We found that by 3–7 days after birth, the number of transmitted species in mother-infant pairs was significantly higher in the control group, unexposed to antibiotics (mean, 26 species), than in the antibiotic-treated group (5 species; P = .03) (Table 1) or in unrelated woman-infant pairs in the control group (7 species; P = .005) or the antibiotic-treated group (1 species; P < .001) (Figure 1A). The number of ESGs in the mother-infant pairs in the control group (mean, 1091 ESGs) was also significantly higher than in the antibiotic-treated group (38 ESGs; P = .01) (Table 1) or in unrelated woman-infant pairs in the control group (49 ESGs; P = .002) or the antibiotic-treated group (9 ESGs; P = .001) (Figure 1B). This was also true for the transmitted species with AMR genes or the ESGs that are AMR genes (Table 1 and Figure 1C and 1D). None of the AMR genes in the infants in the antibiotic-treated group originated from their mother’s microbiome.
Table 1.
Numbers of Transmitted Species and Exclusively Shared Genes in Mother-Infant Pairs From Control and Antibiotic-Treated Groups
| Study ID (Control Group; Antibiotic Group) | Transmitted Species or ESGs (AMR Genesa), No. | |||||||
|---|---|---|---|---|---|---|---|---|
| Age 3–7 d | Age 12 mo | |||||||
| Control Group | Antibiotic Group | Control Group | Antibiotic Group | |||||
| Transmitted Species | ESGs | Transmitted Species | ESGs | Transmitted Species | ESGs | Transmitted Species | ESGs | |
| 13; 6 | 20 (1) | 466 (2) | 1 (0) | 2 (0) | 32 (1) | 1656 (1) | 59 (0) | 298 (0) |
| 26; 31 | 8 (1) | 270 (2) | 6 (0) | 26 (0) | 38 (1) | 1297 (2) | 42 (0) | 221 (0) |
| 35; 32 | 0 (0) | 0 (0) | 0 (0) | 0 (0) | NA | NA | ||
| 37; 70 | 37 (0) | 495 (0) | 10 (0) | 74 (0) | 36 (0) | 125 (0) | 68 (0) | 873 (0) |
| 43; 74 | 43 (1) | 2114 (23) | 0 (0) | 0 (0) | 69 (0) | 1344 (0) | 22 (0) | 98 (0) |
| 45; 88 | 18 (1) | 1223 (2) | 0 (0) | 0 (0) | NA | 11 (0) | 32 (0) | |
| 89; 95 | 24 (1) | 1786 (11) | 1 (0) | 1 (0) | 68 (0) | 3144 (0) | 40 (0) | 257 (0) |
| 93; 98 | 0 (0) | 0 (0) | 1 (0) | 1 (0) | 34 (0) | 327 (0) | 18 (0) | 159 (0) |
| 105; 136 | 58 (4) | 2080 (14) | 27 (0) | 274 (0) | 62 (2) | 1278 (3) | NA | |
| 123; 148 | 47 (2) | 2471 (2) | 0 (0) | 0 (0) | 40 (0) | 552 (0) | 62 (1) | 585 (1) |
| Mean; mean | 26 (1) | 1091 (5) | 5 (0) | 38 (0) | 47 (1) | 1215 (1) | 40 (0) | 315 (0) |
Abbreviations: AMR, antimicrobial-resistant; ESGs, exclusively shared genes; ID, identification number; NA, dropped out.

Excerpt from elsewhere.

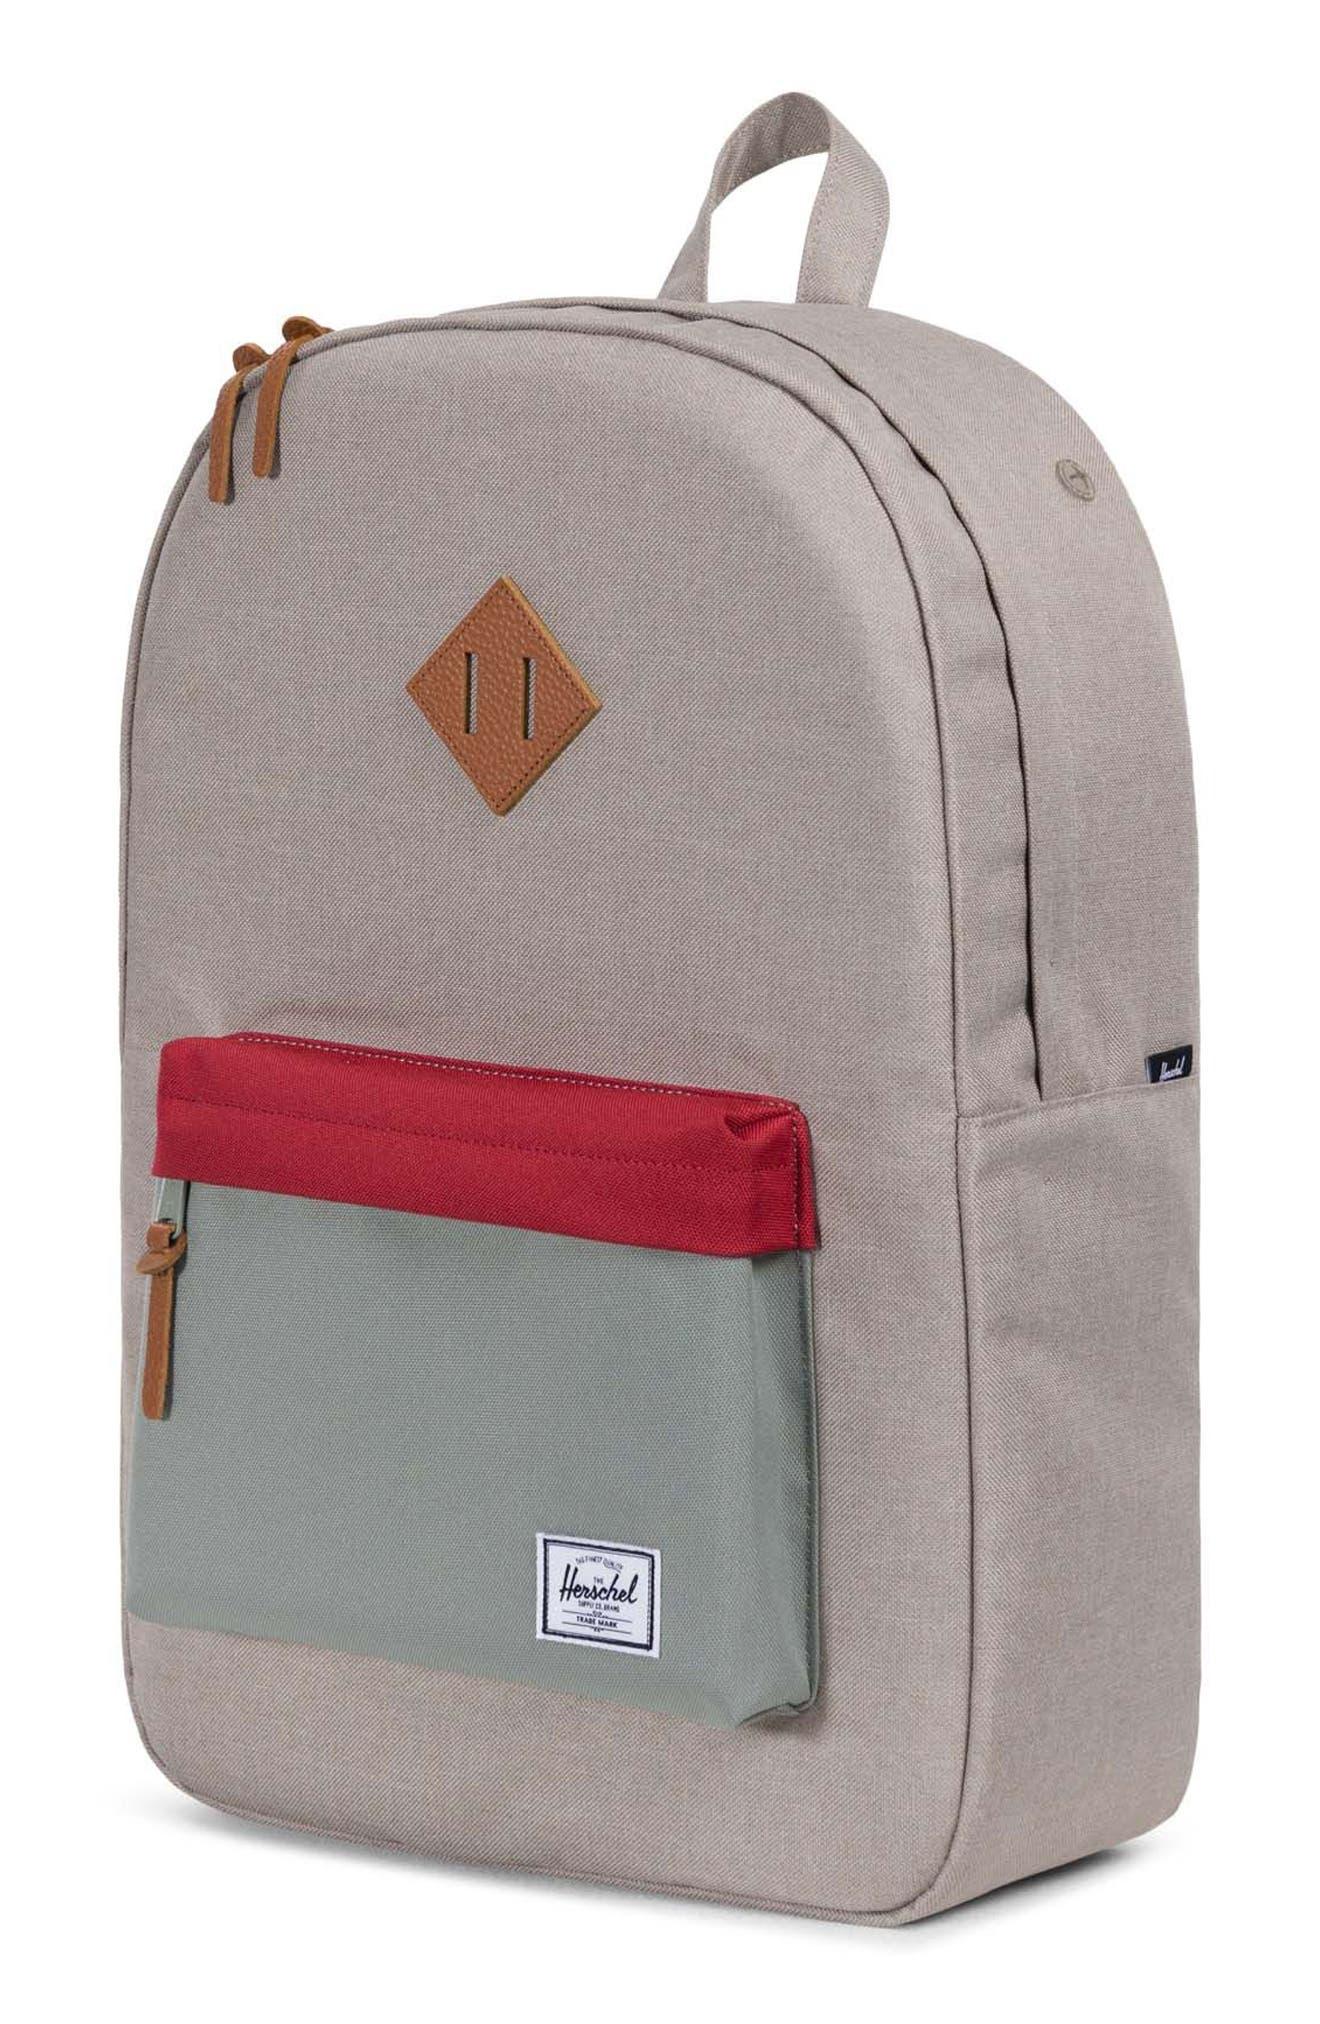 Heritage Backpack,                             Alternate thumbnail 4, color,                             Khaki/ Shadow/ Brick Red/ Tan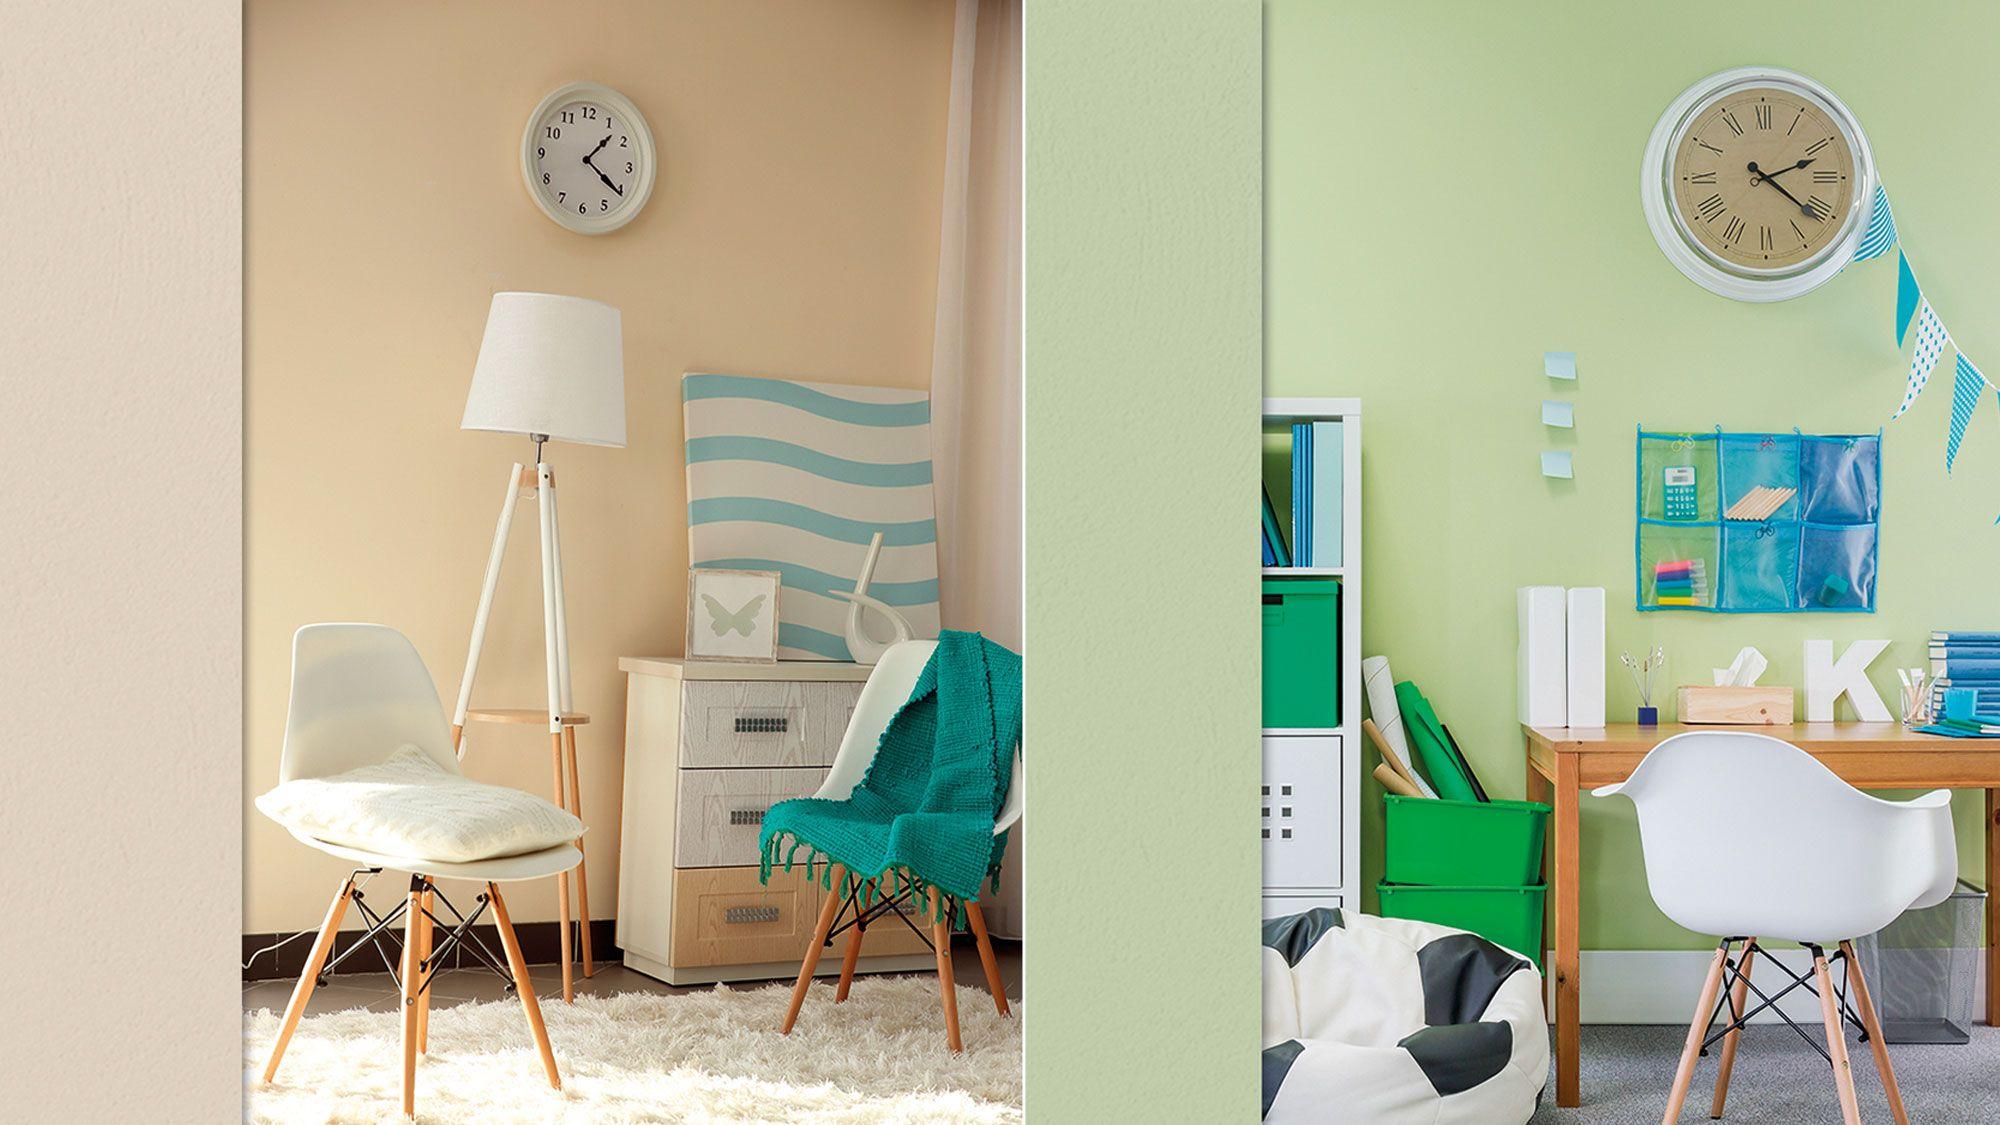 Pintura ecol gica para interior y exterior hogarmania for Pintura pared interior colores

aParenthetical numbers represent species with AMR genes or ESGs that are AMR genes.
Figure 1.
Transmitted species and exclusively shared genes of different adult/mother-infant groups. P values (Wilcoxon rank sum test) for unrelated woman-infant antibiotic-treated group, unrelated woman-infant control group, and paired mother-infant antibiotic-treated group all represent comparisons with the paired mother-infant/child control group. Abbreviations: ESGs, exclusively shared genes.
For the infants at 12 months of age, there was no statistically significant difference between the control and the antibiotic-treated groups in terms of transmitted species in mother-infant pairs. However, our analysis showed that the number of ESGs in mother-infant pairs for infants at 12 months of age, was still significantly higher in the control group (mean, 1215 ESGs) than in the antibiotic-treated group (315 ESGs; P = .02) (Table 1) or in unrelated woman-infant pairs in the control group (20 ESGs; P < .001) or the antibiotic-treated group (26 ESGs; P < .001) (Figure 1E and 1F).
Although a transmitted species is defined when a single ESG exists in a mother-infant pair, the actual detected transmitted species, as listed in Table 1, have multiple ESGs per species. On average, 1 transmitted species has 43 ESGs between the mother-infant pairs in the control group and 8 ESGs in the treatment group. Therefore, the identified transmitted species are supported by multiple ESGs.
Microbial species composition profiles were calculated at different taxonomic ranks (Figure 2 and Supplementary Figures 1 and 2). The relative abundance data is also available in Supplementary Tables 2–4. For each individual sample from the infants, we identified which species were transmitted from their mother, and which from unknown sources, such as horizontally transferred from the environment or other people (Figure 3). By 3–7 days after birth, on average 72% (σ = 39%) of the species population in the infants’ samples in the control group were shared with their mothers’ samples, compared to only 25% (σ = 38%) in the infants in the antibiotic-treated group (P = .04). At 12 months, the relative abundance of total bacteria species in the fecal samples of infants transmitted from their mothers was 82% (σ = 7%) in the control group and 72% (σ = 21%) in the antibiotic-treated group (P = .38).
Figure 2.
Relative abundance at phylum level.
Figure 3.
Relative species abundance of children’s fecal samples. Infant samples obtained 3–7 days after birth are shown on the bottom, and samples obtained at 12 months on the top. Species on the left side of the x-axis are species transmitted from the maternal gut microbiome. Only species that with ≥5% relative abundance in any sample are shown. (Individual species and their abundances are available in Supplementary Table 5.)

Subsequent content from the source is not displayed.